* _THE PROBLEM_
Drop every image, then reproduce the data exactly as given.

* _DATA SECTION_
============================================================

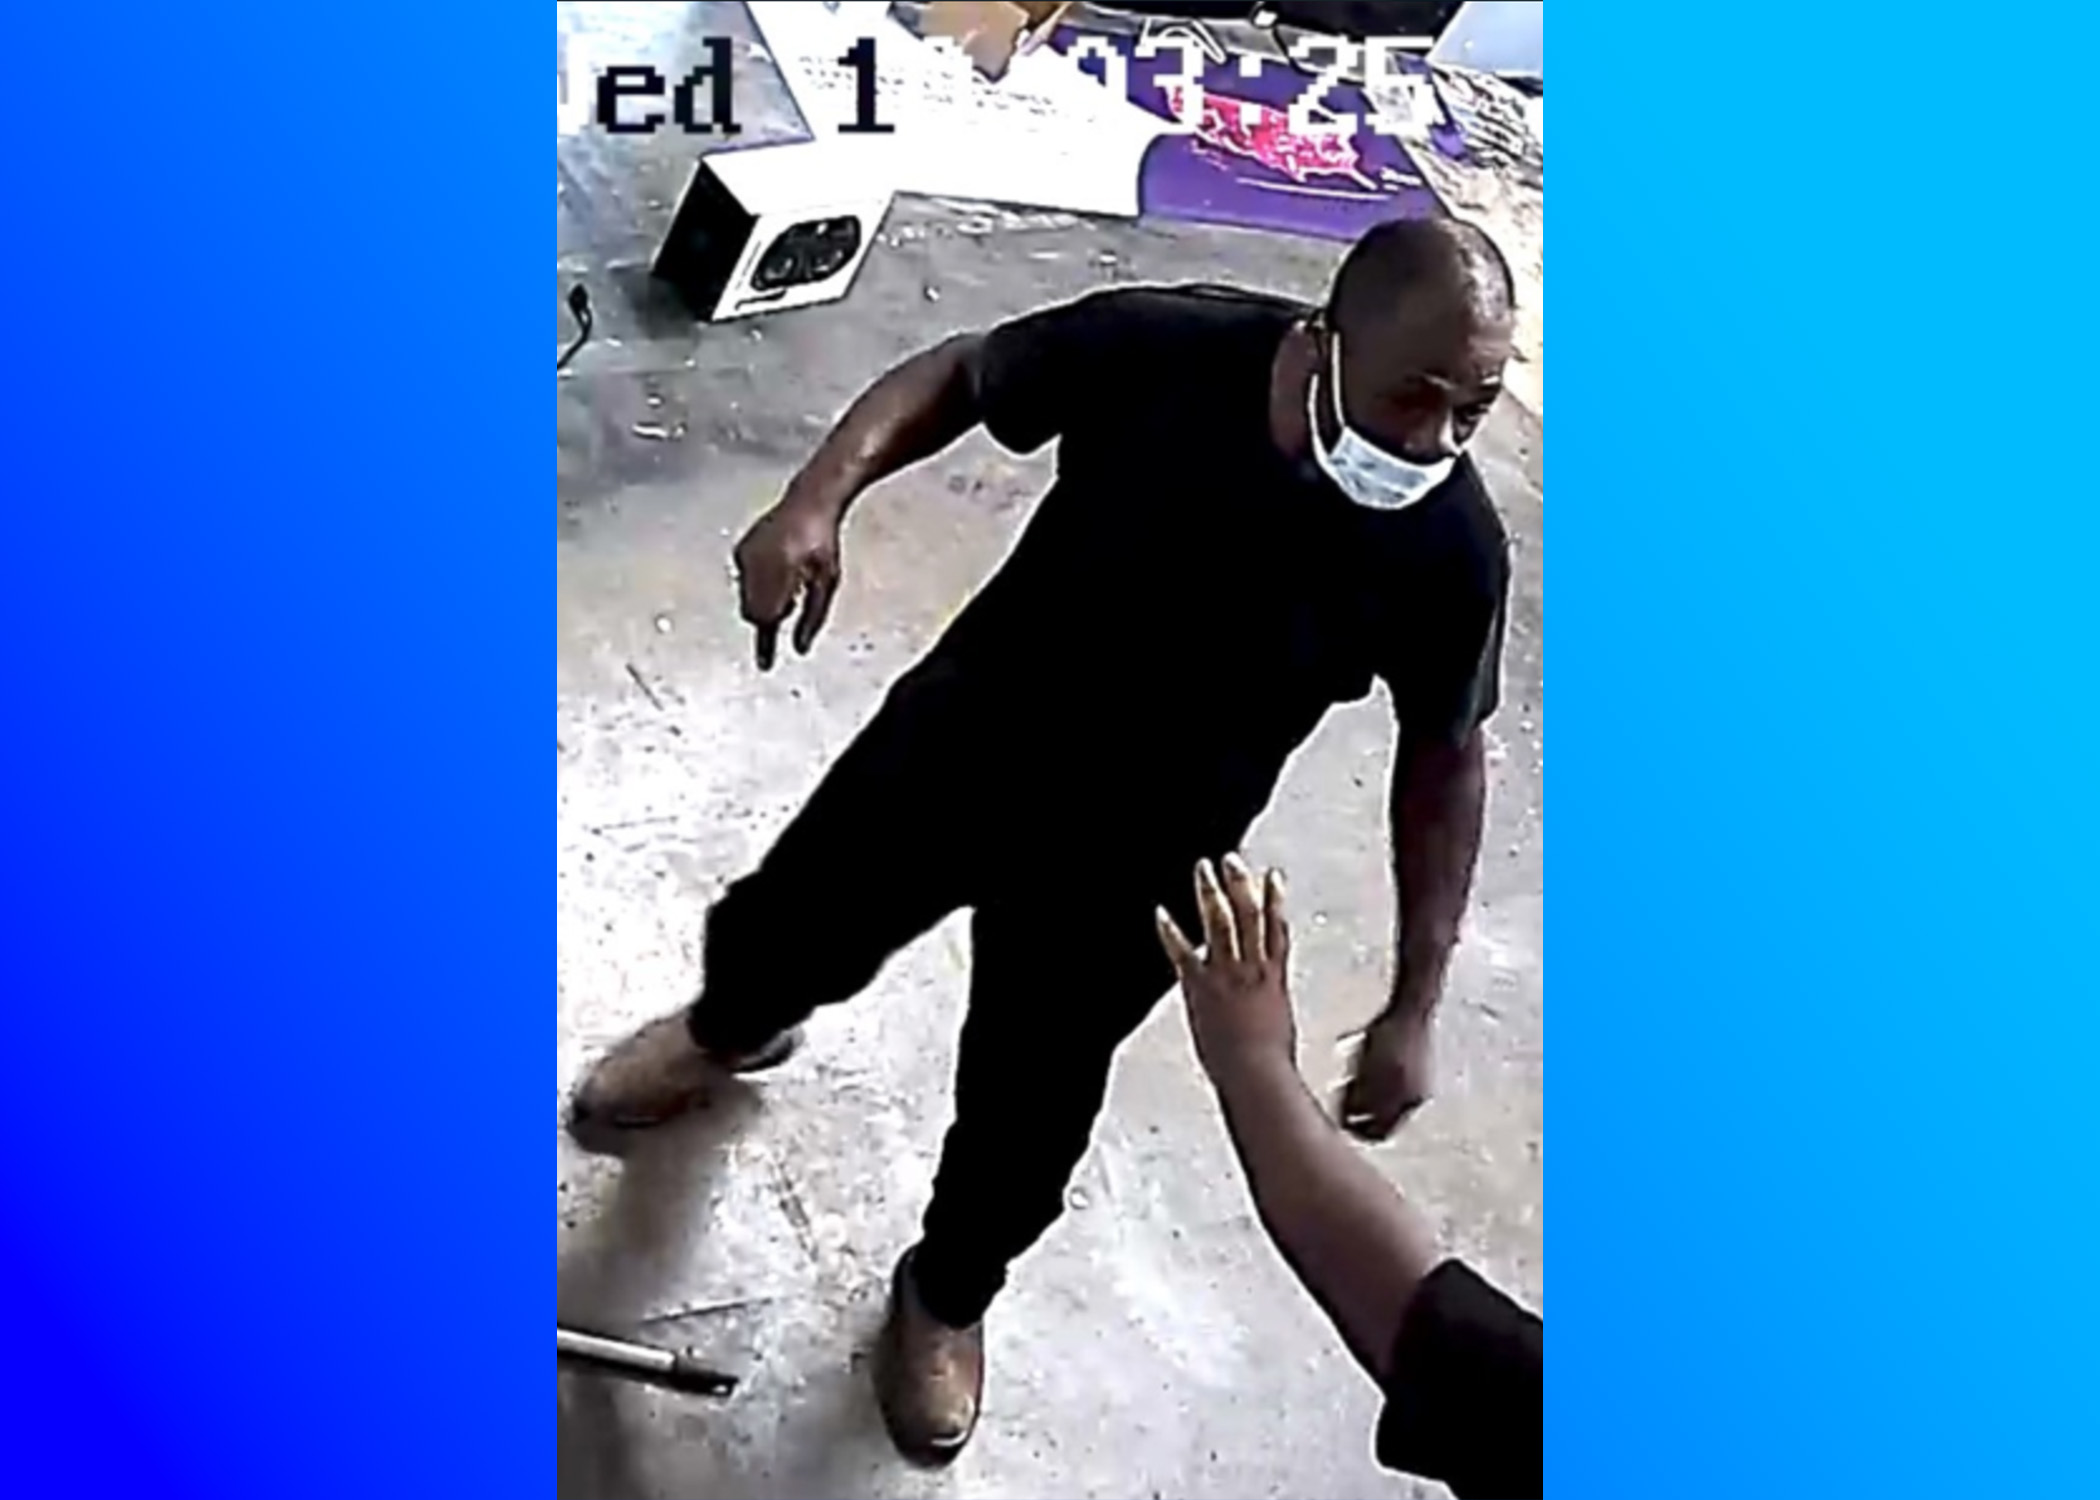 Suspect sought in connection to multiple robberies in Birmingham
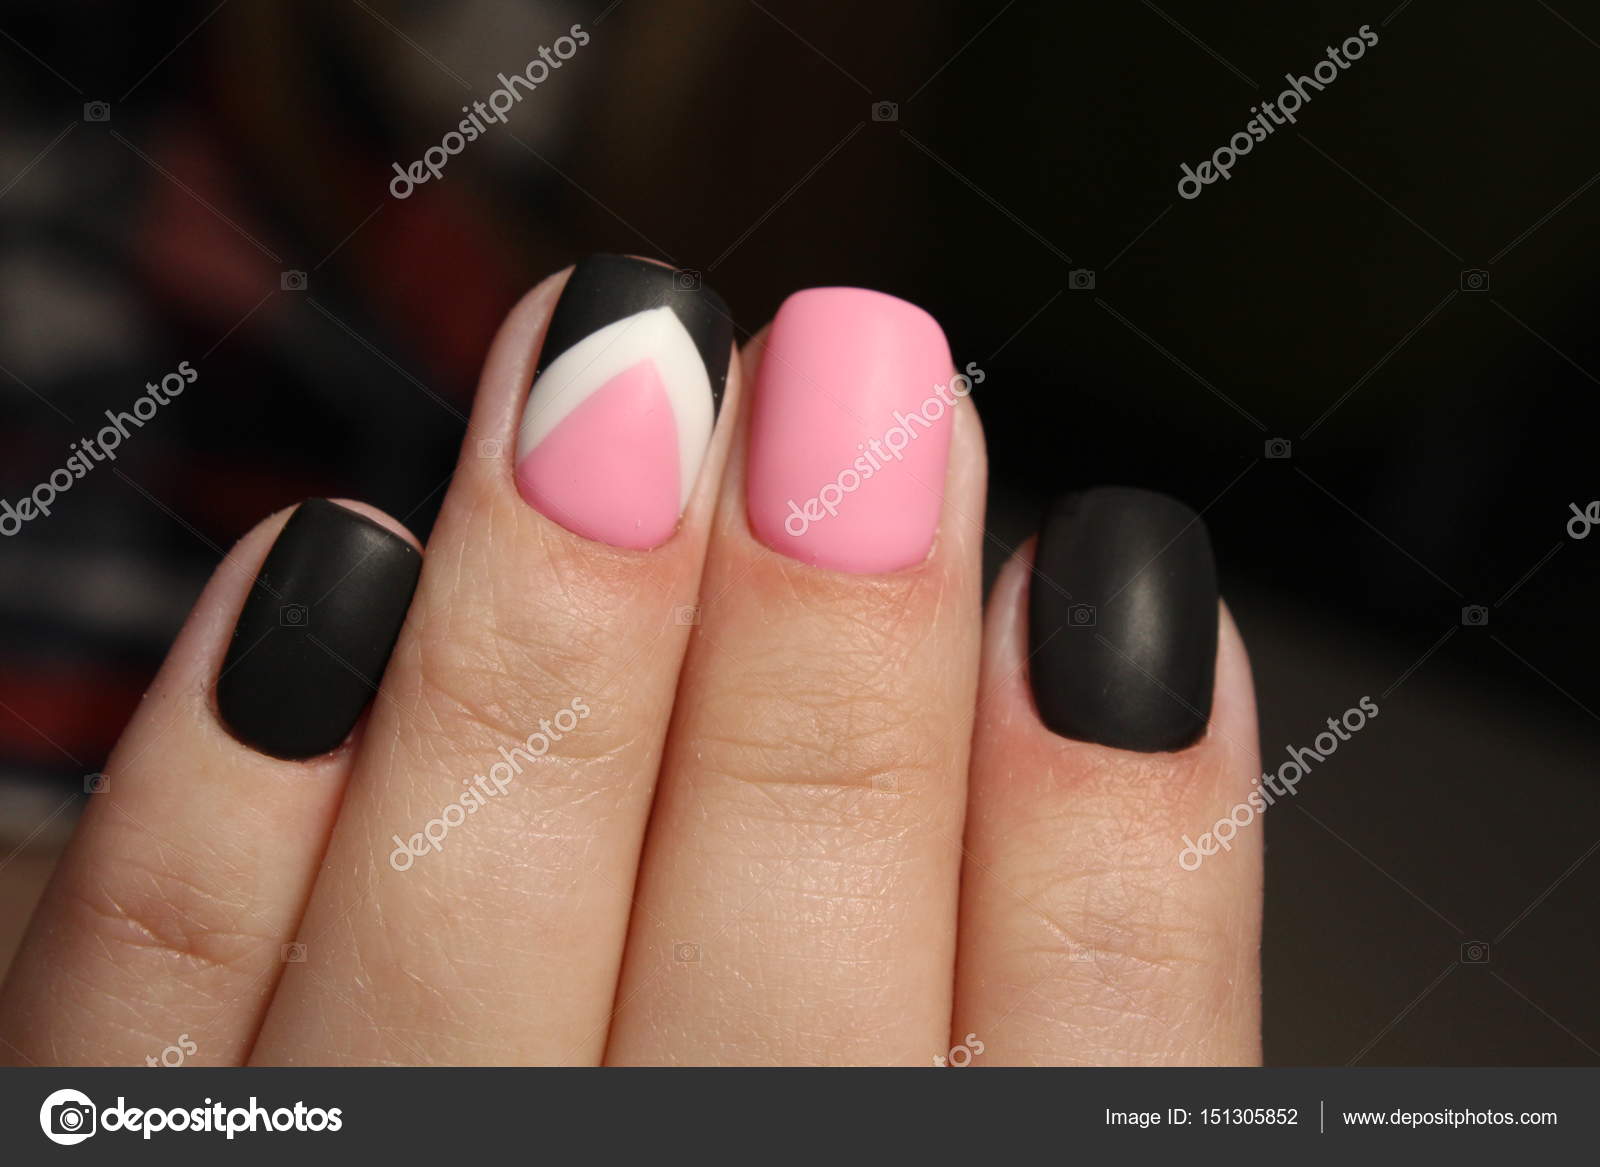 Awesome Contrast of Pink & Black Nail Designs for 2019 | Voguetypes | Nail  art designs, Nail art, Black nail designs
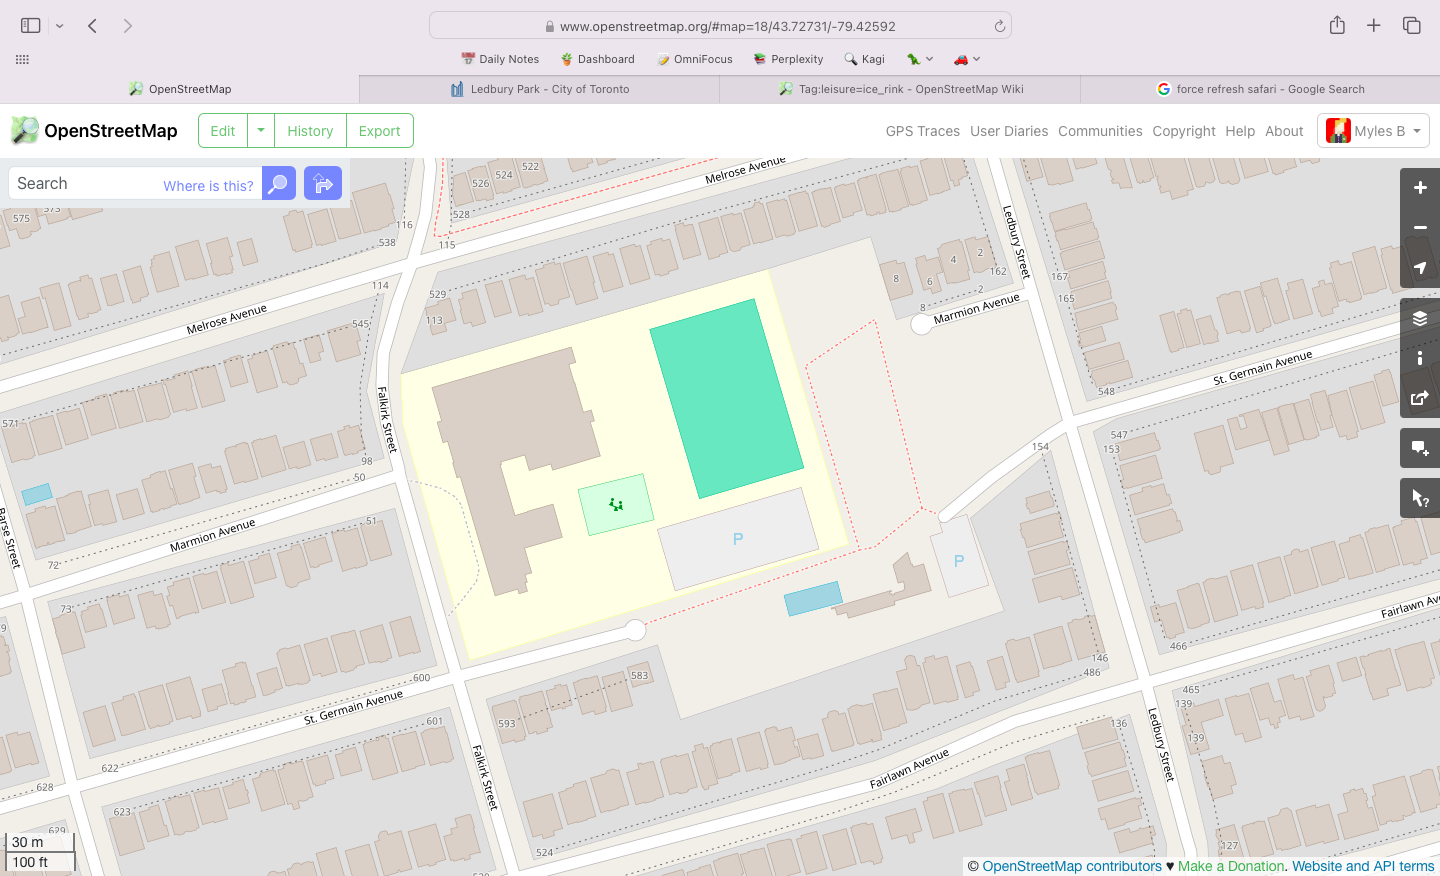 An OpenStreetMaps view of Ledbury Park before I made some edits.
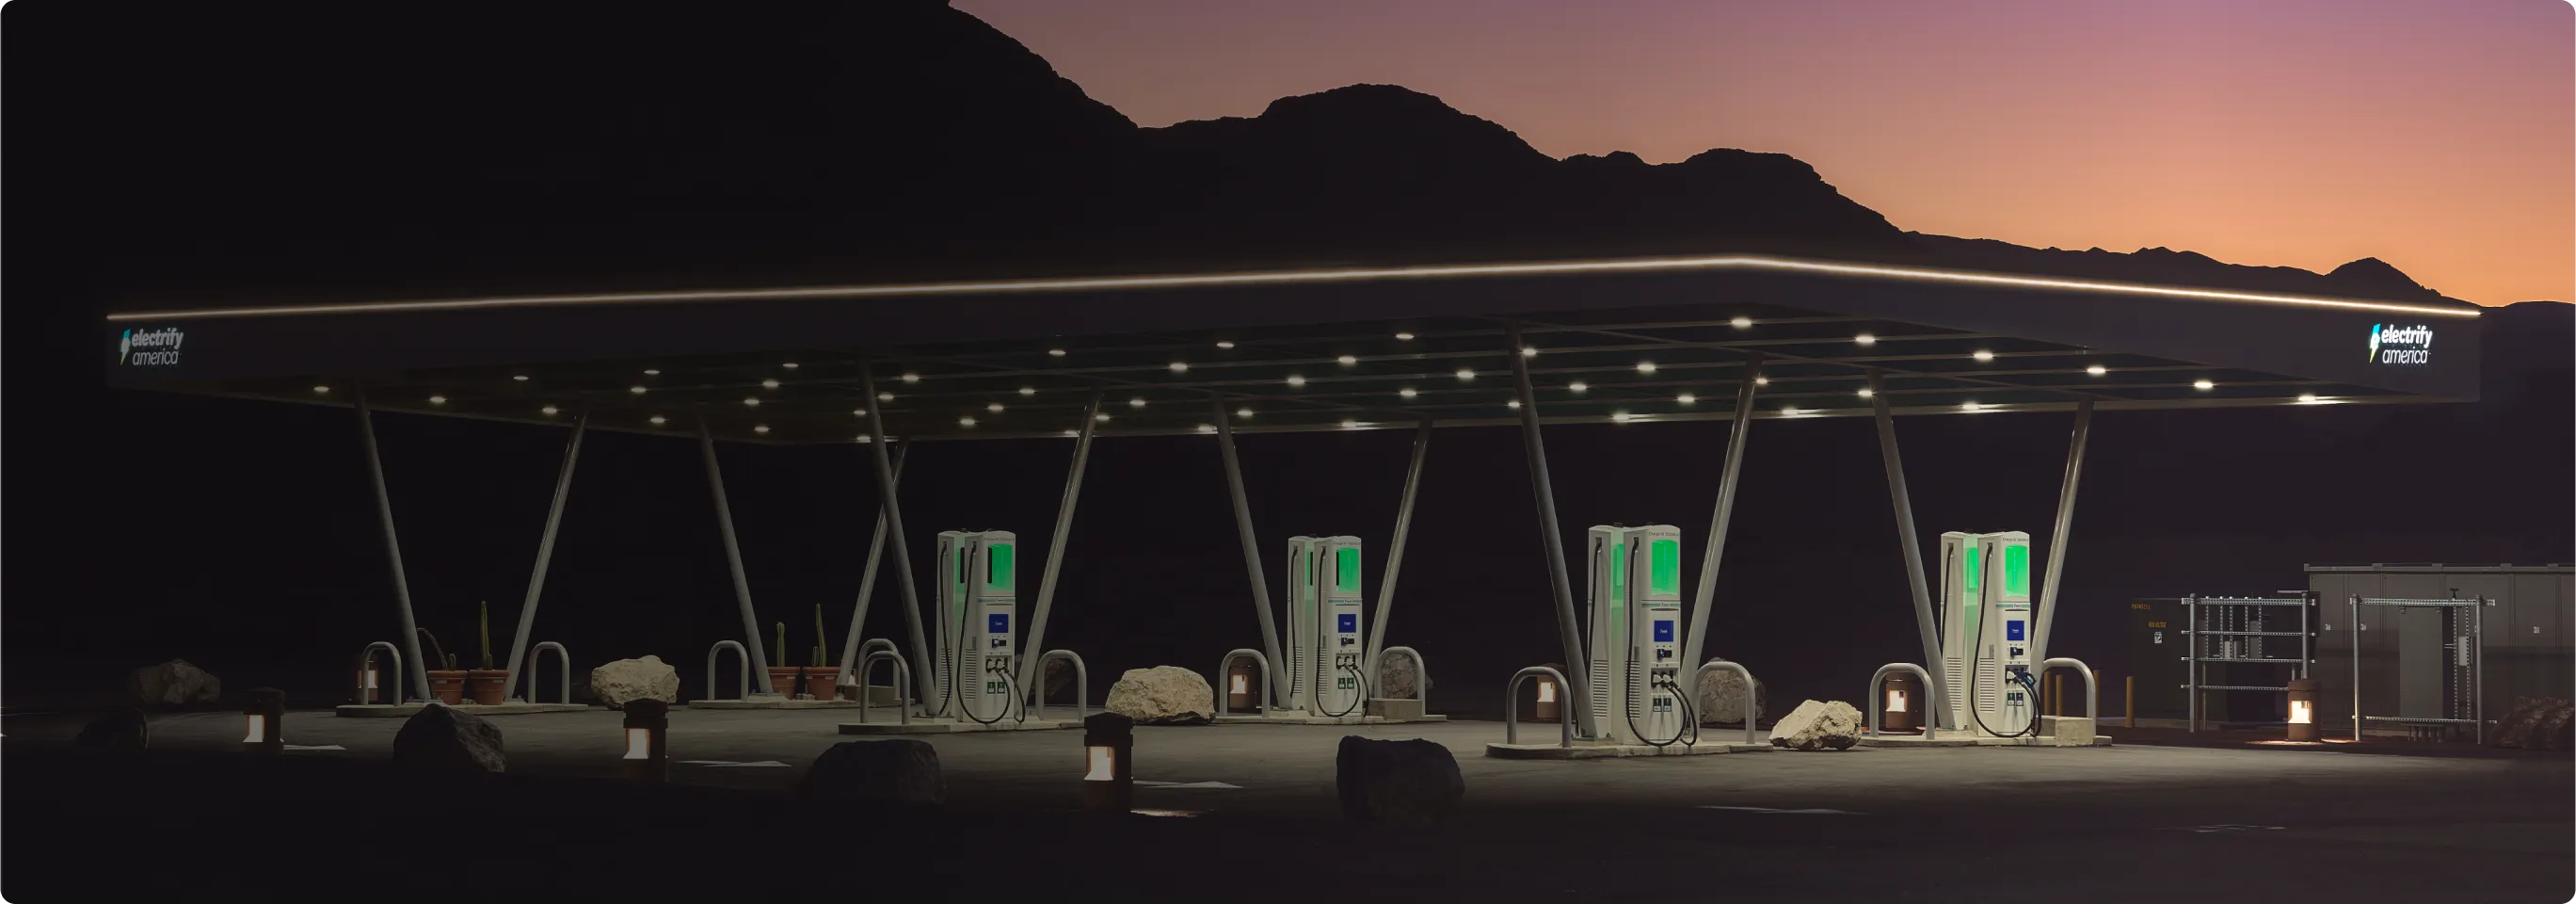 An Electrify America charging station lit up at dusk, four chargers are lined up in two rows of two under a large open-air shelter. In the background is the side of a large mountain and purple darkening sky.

============================================================

* _SOLUTION_
 Suspect sought in connection to multiple robberies in Birmingham
 Awesome Contrast of Pink & Black Nail Designs for 2019 | Voguetypes | Nail  art designs, Nail art, Black nail designs
 An OpenStreetMaps view of Ledbury Park before I made some edits.
 An Electrify America charging station lit up at dusk, four chargers are lined up in two rows of two under a large open-air shelter. In the background is the side of a large mountain and purple darkening sky.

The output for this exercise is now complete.